Семь лет в «Крестах»: Тюрьма глазами психиатра - Алексей Гавриш
Шрифт:
Интервал:
Закладка:
Немного особняком стояли «припадочные». Эпилептики. Чаще всего мы забирали таких к себе на отделение, так как им нужна постоянная терапия и лучше, чтобы они были под наблюдением. С некоторыми возникали проблемы. Формально, находясь в состоянии ремиссии, они не нуждались в госпитализации, так как прием поддерживающей терапии не является показанием для перевода на отделение. Но в тех условиях, которые были у нас, мы технически не могли обеспечить прием терапии амбулаторно, так как не могли позволить им иметь противоэпилептические, то есть психотропные, препараты на режимном корпусе. Дело в том, что, разрешив такой номер единожды, мы столкнулись бы с волной аналогичных требований иметь различные таблеточки в камере от всех подряд, а на одного ответственного пациента приходится человек 10–15, которые под любым предлогом хотят «удолбаться», и не важно чем, будь то десять таблеток галоперидола или одна таблетка феназепама. Когда сидишь долго, появляется отчаяние и азарт, и за этим не уследить.

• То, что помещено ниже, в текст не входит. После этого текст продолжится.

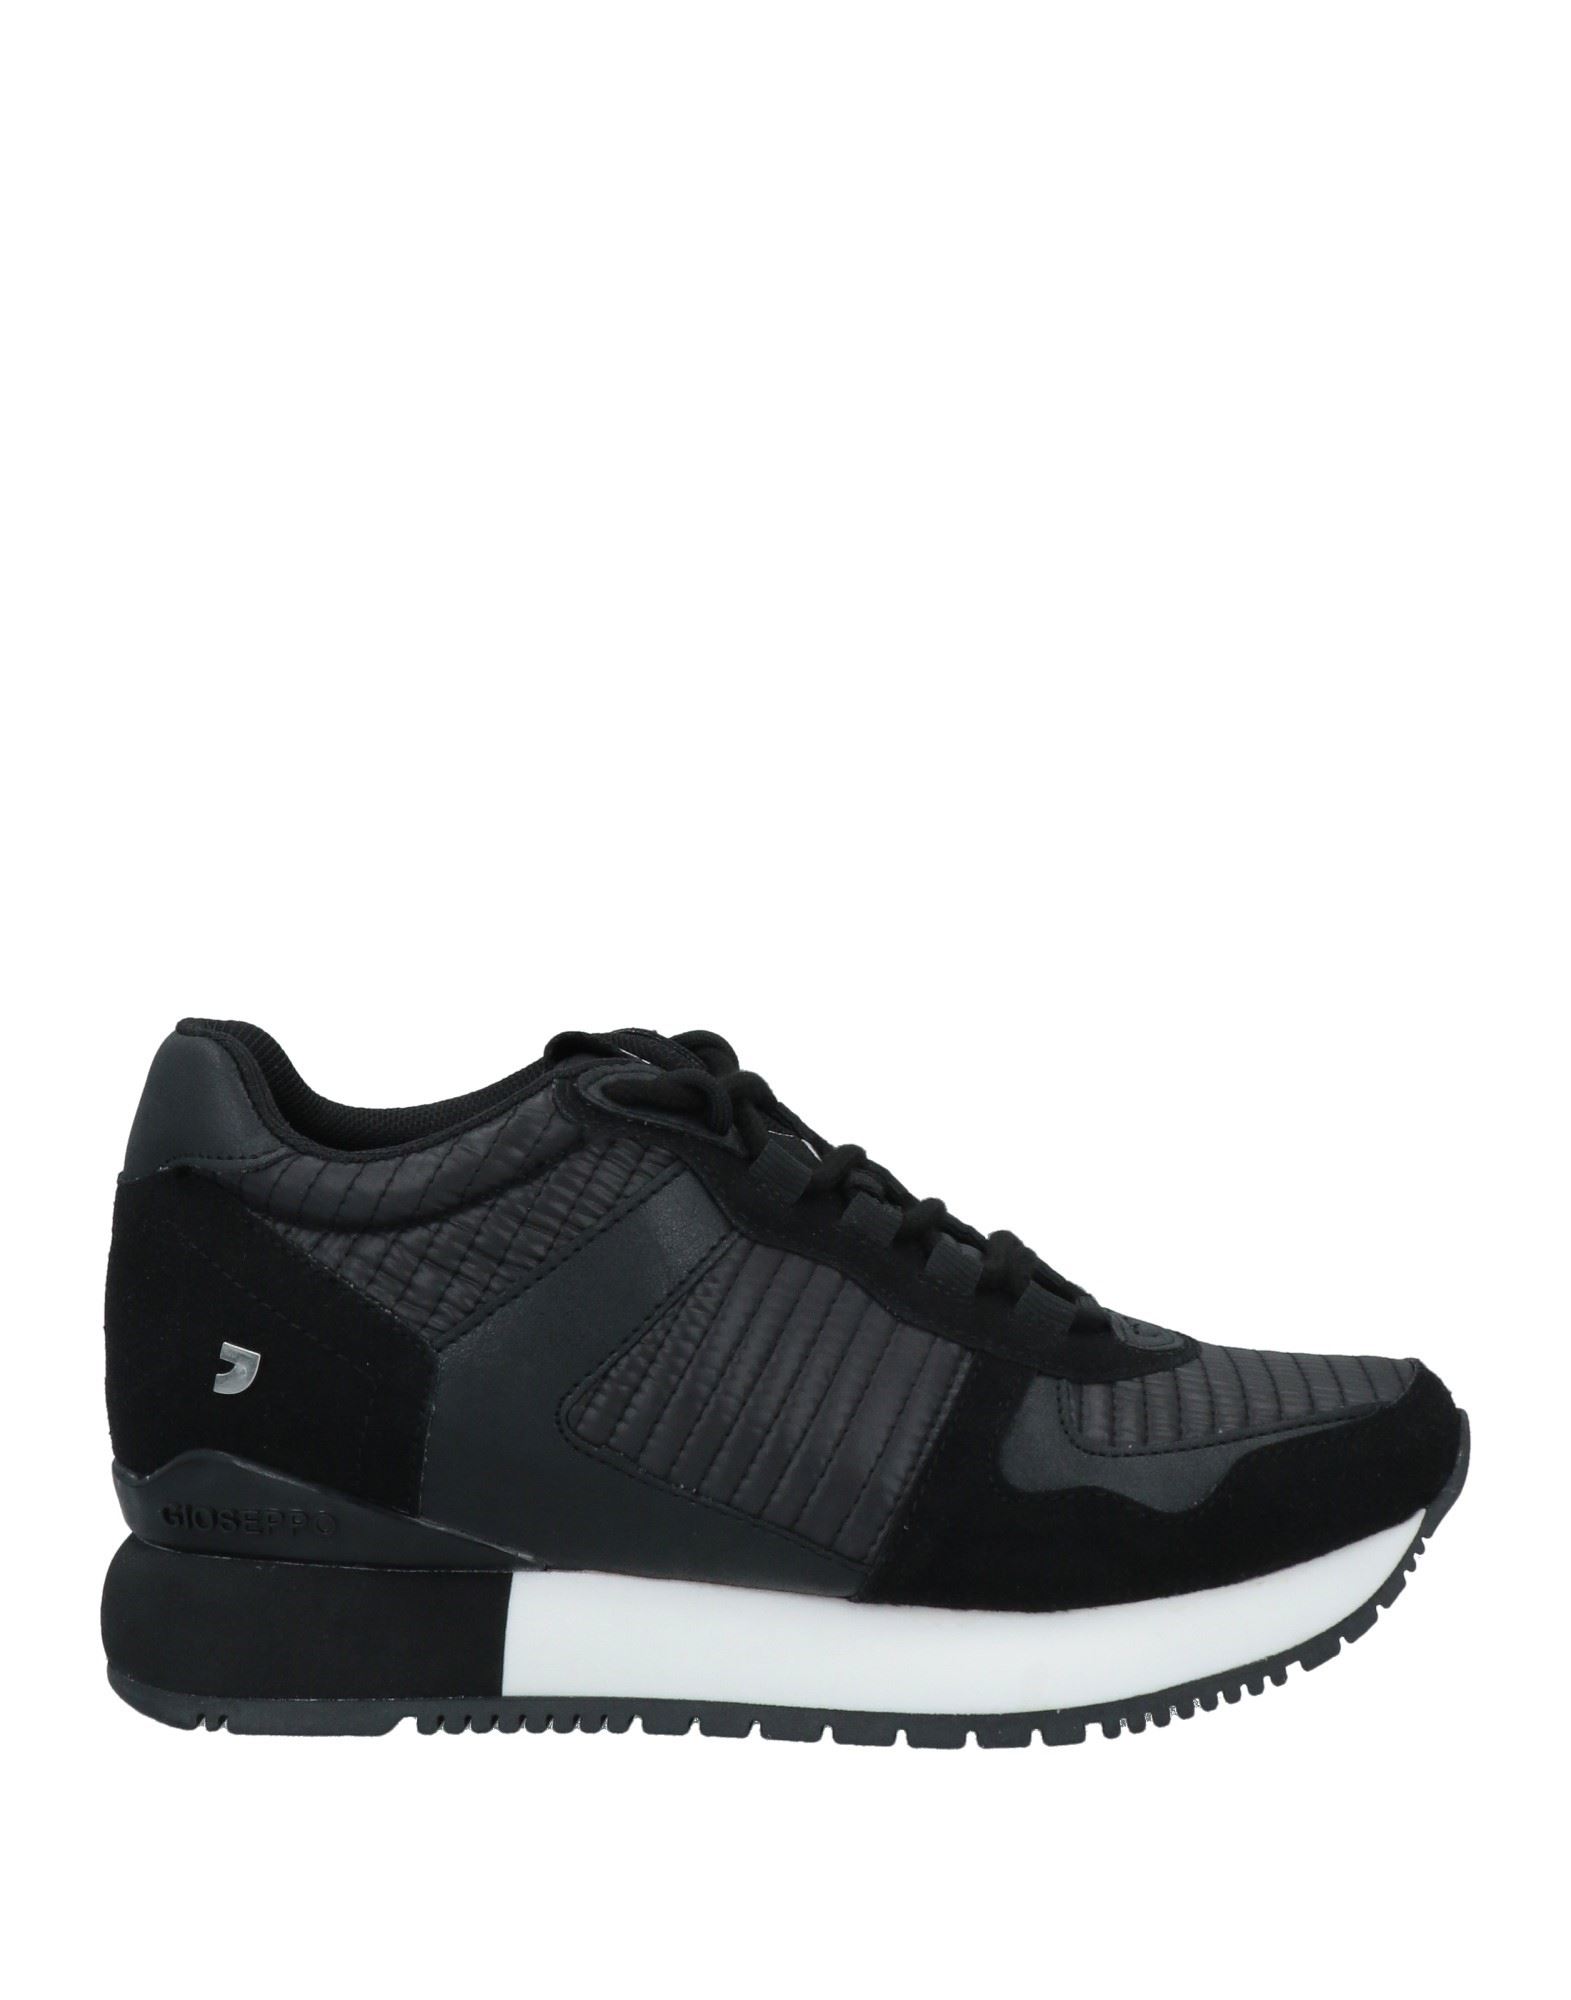 Gioseppo Sneakers In Black

Так что у нас было правило: хочешь принимать терапию – это возможно только на отделении. На режимном корпусе таблеток не будет. Но не зря же они эпилептики, а значит, упертые, настойчивые, ригидные и привыкшие добиваться своего, как каток, медленно, но верно. И это были бесконечные разговоры с уговорами, угрозами, просьбами, жалобами во все инстанции, моими отписками во все инстанции, проверками прокуроров и прочих потребнадзоров с разъяснением им «политики партии», их устными согласиями с моими доводами и письменными предписаниями, противоречащими предыдущим разговорам, моими отказами и т. д. и т. п., пока пациент не покинет учреждение или этапом дальше, или на свободу.
А еще эпилепсия – излюбленная тема для симуляций. Это абсолютно глупая и бесперспективная затея, но с завидной регулярностью находились персонажи, которые что-то себе придумывали и красиво падали то ли в припадок, то ли в обморок, непременно в присутствии сотрудников.
Все, кто содержится в следственном изоляторе, живут одновременно в двух мирах. Один – это их жизнь на воле (друзья, семья и следственная ситуация), другой – жизнь в изоляторе. «Тело здесь – а душа далеко, тело здесь – для отчета ментам, а душа – там, где мать родила»[13]. И этот второй – очень бедный мир. С малым количеством событий и откровенно скучный. Если для одних пообщаться с психиатром – жизненная необходимость, то для других это своеобразная форма досуга. Вторые – неинтересные, хотя иногда и достаточно курьезные.
Повторюсь. Для консультаций на корпусах у нас не было отведено строго определенного времени. Они проводились или заодно, когда я шел по каким-то делам, или же экстренно – когда все бросаешь и бежишь. Практически все время после обеда и до конца рабочего дня мы проводили в кабинете, принимая пациентов. Как тех, кто уже лежит у нас на отделении, так и тех, кого привели на консультацию сотрудники режимных корпусов.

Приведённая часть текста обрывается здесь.